Entries taken from a collection:

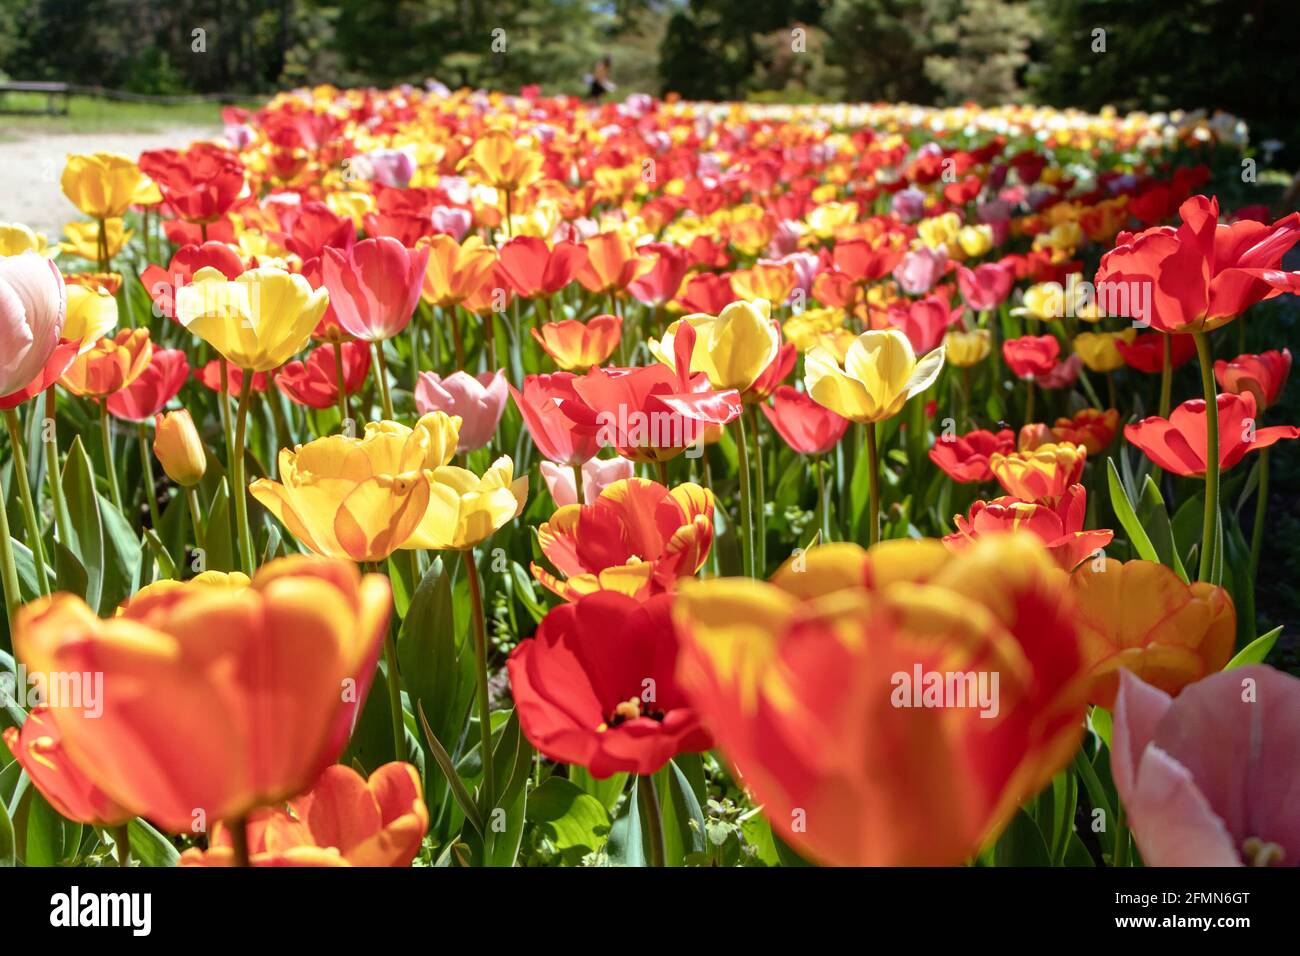 Tulip field with bright flowers assorted colors Stock Photo
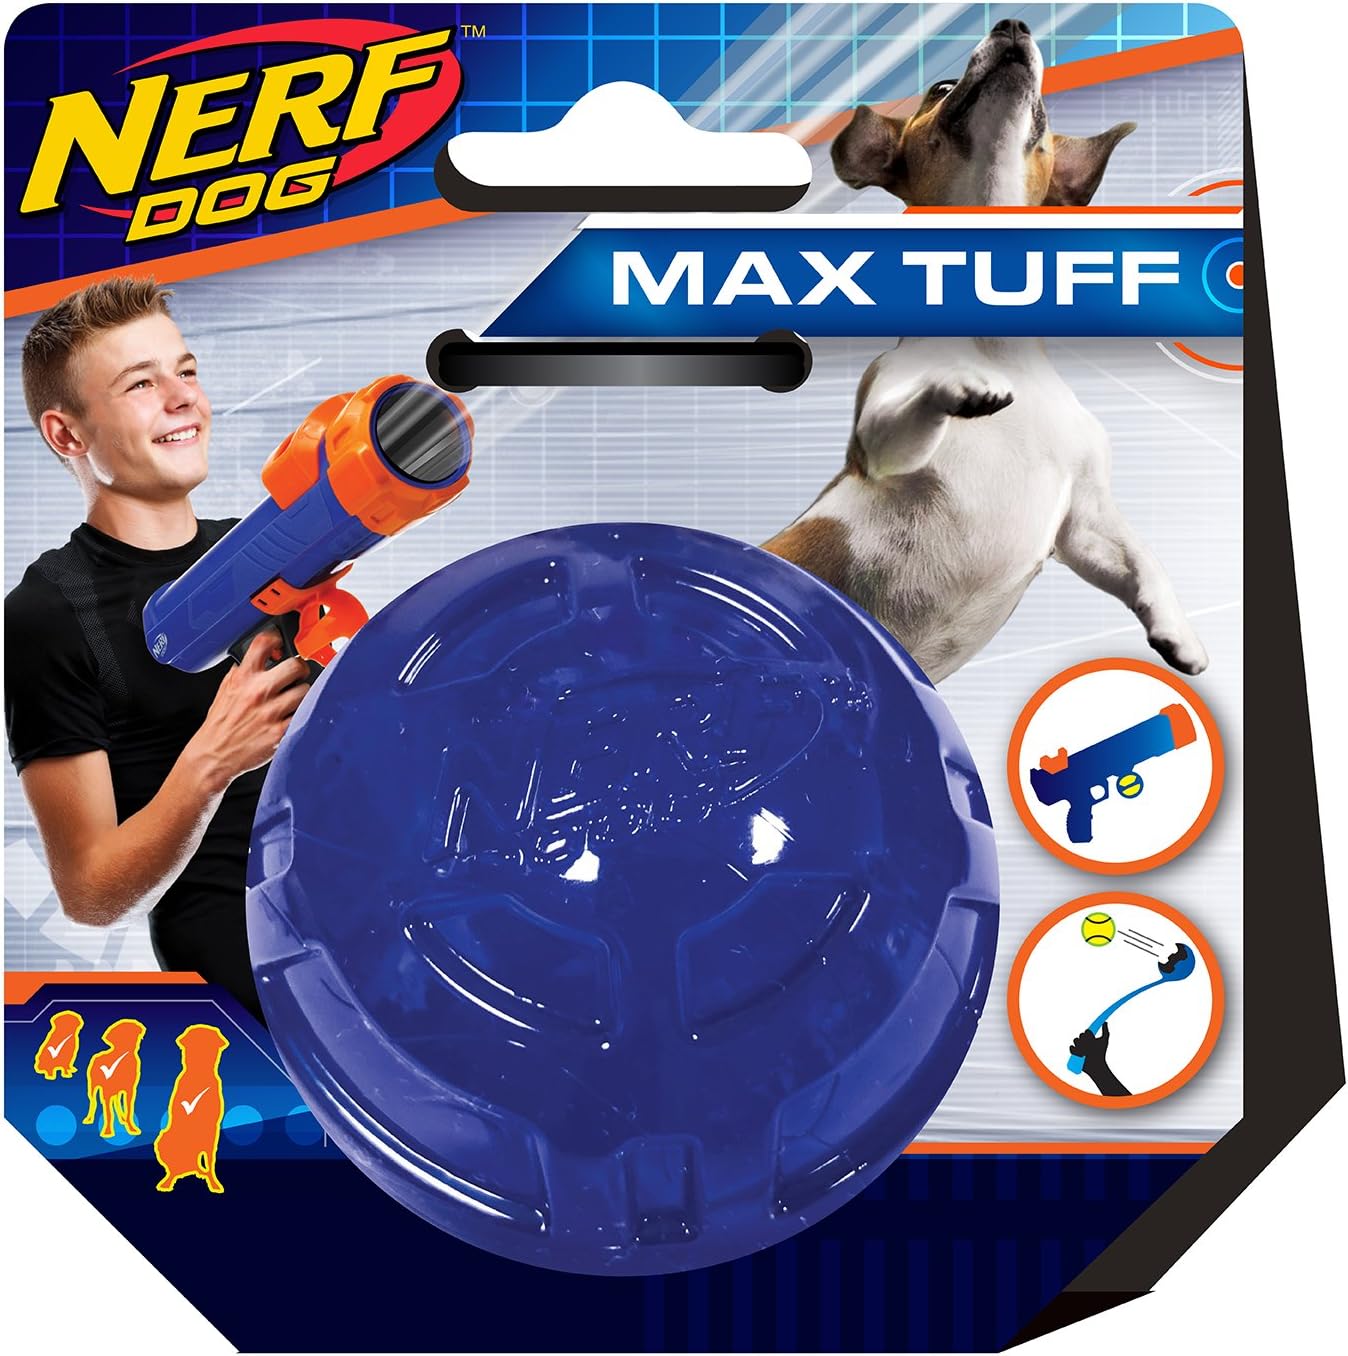 Nerf+Dog+Ultra+Tough+Rubber+Ball+Dog+Toy%2c+Lightweight%2c+Durable+and+Water+Resistant%2c+2.5+Inches%2c+For+Small%2fMedium%2fLarge+Breeds%2c+Single+Unit%2c+Blue
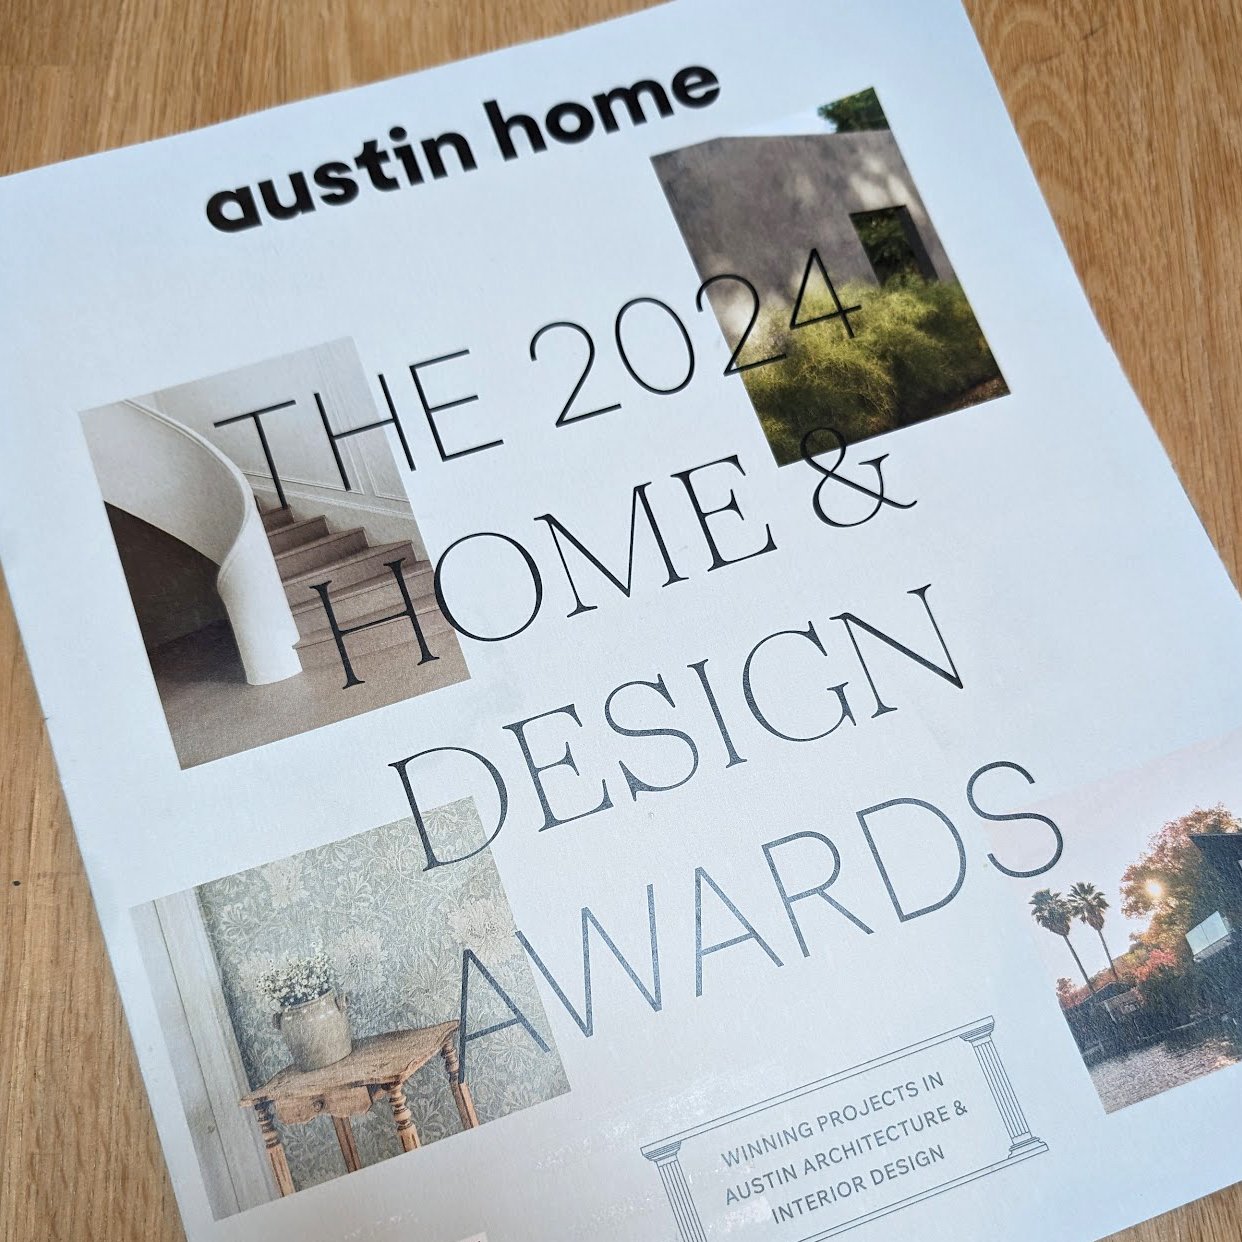 We are thrilled to announce that we have been awarded the General Excellence in Architecture Award at the 2024 @austin_home Home &amp; Design Awards. 

This is our second time to receive this top honor, which acknowledges outstanding overall achievem
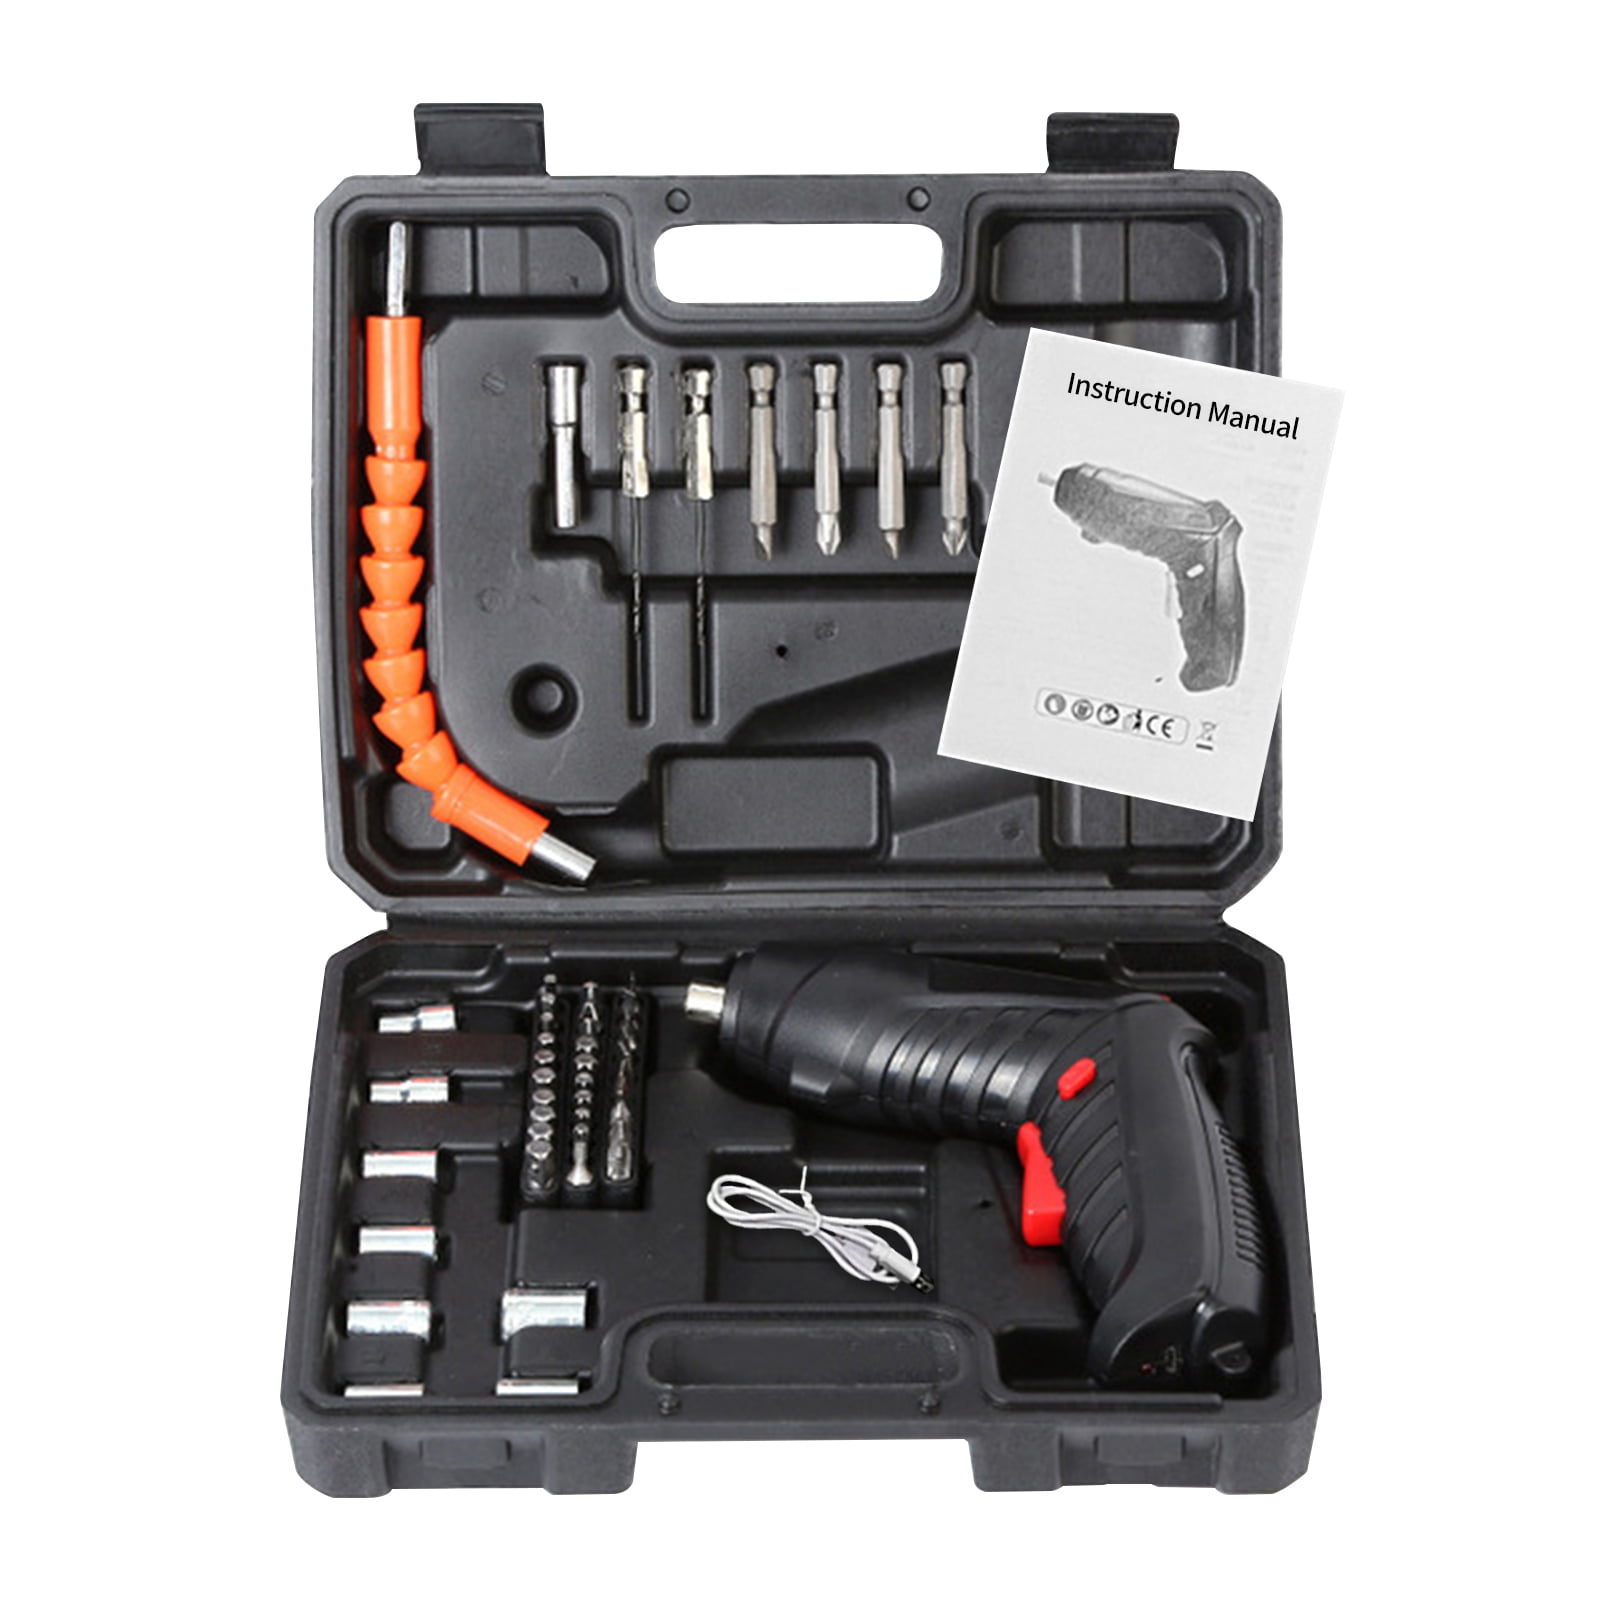 PROSTORMER 20V Max 2.0Ah Lithium Compact Drill with LED Light 30pcs Accessories and Carrying Case Included 2-Speed Max Torque 310 In-lbs 1 Hour Fast Charger 3/8 Cordless Drill Driver Set

▶ **Activity**:
Pictures are to be left out; all else in the entries above is to be quoted exactly.

▶ **Expected answer**:
 Tulip field with bright flowers assorted colors Stock Photo
 Nerf+Dog+Ultra+Tough+Rubber+Ball+Dog+Toy%2c+Lightweight%2c+Durable+and+Water+Resistant%2c+2.5+Inches%2c+For+Small%2fMedium%2fLarge+Breeds%2c+Single+Unit%2c+Blue
 We are thrilled to announce that we have been awarded the General Excellence in Architecture Award at the 2024 @austin_home Home &amp; Design Awards. 

This is our second time to receive this top honor, which acknowledges outstanding overall achievem
 PROSTORMER 20V Max 2.0Ah Lithium Compact Drill with LED Light 30pcs Accessories and Carrying Case Included 2-Speed Max Torque 310 In-lbs 1 Hour Fast Charger 3/8 Cordless Drill Driver Set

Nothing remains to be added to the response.